> [What you have to do] The result should be the full listing copied exactly, with no pictures in it.

[[ Data block, beginning ]]

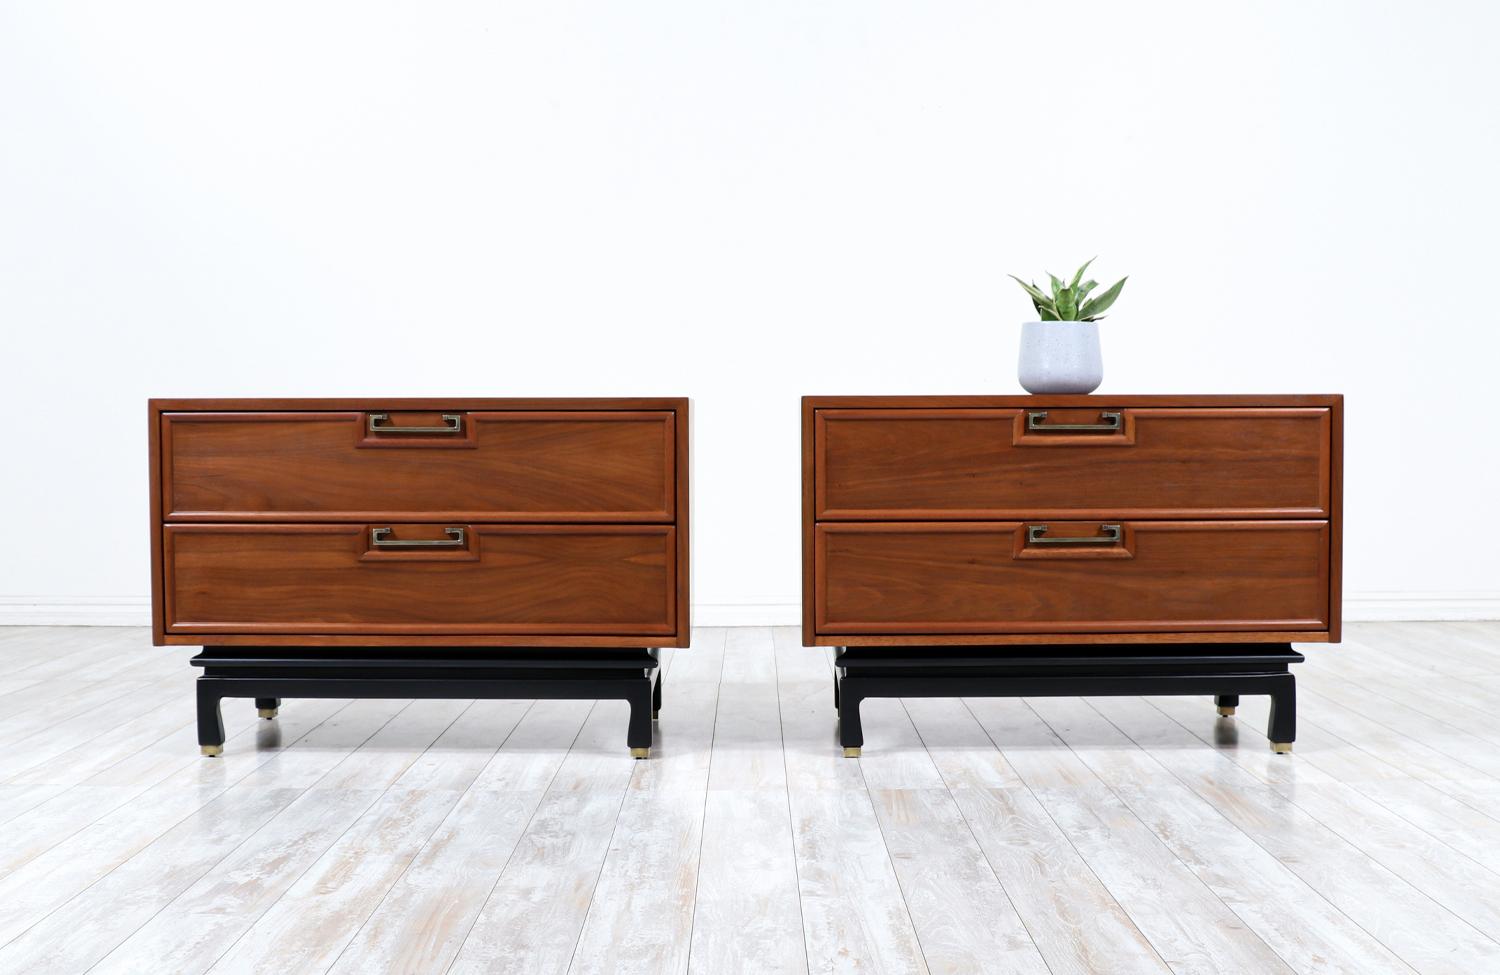 Mid-Century Modern walnut night stands with brass accents by American of Martinsville.

________________________________________

Transforming a piece of Mid-Century Modern furniture is like bringing history back to life, and we take this journey

[[ Data block, end ]]

> [Solution for this task]
 Mid-Century Modern walnut night stands with brass accents by American of Martinsville.

________________________________________

Transforming a piece of Mid-Century Modern furniture is like bringing history back to life, and we take this journey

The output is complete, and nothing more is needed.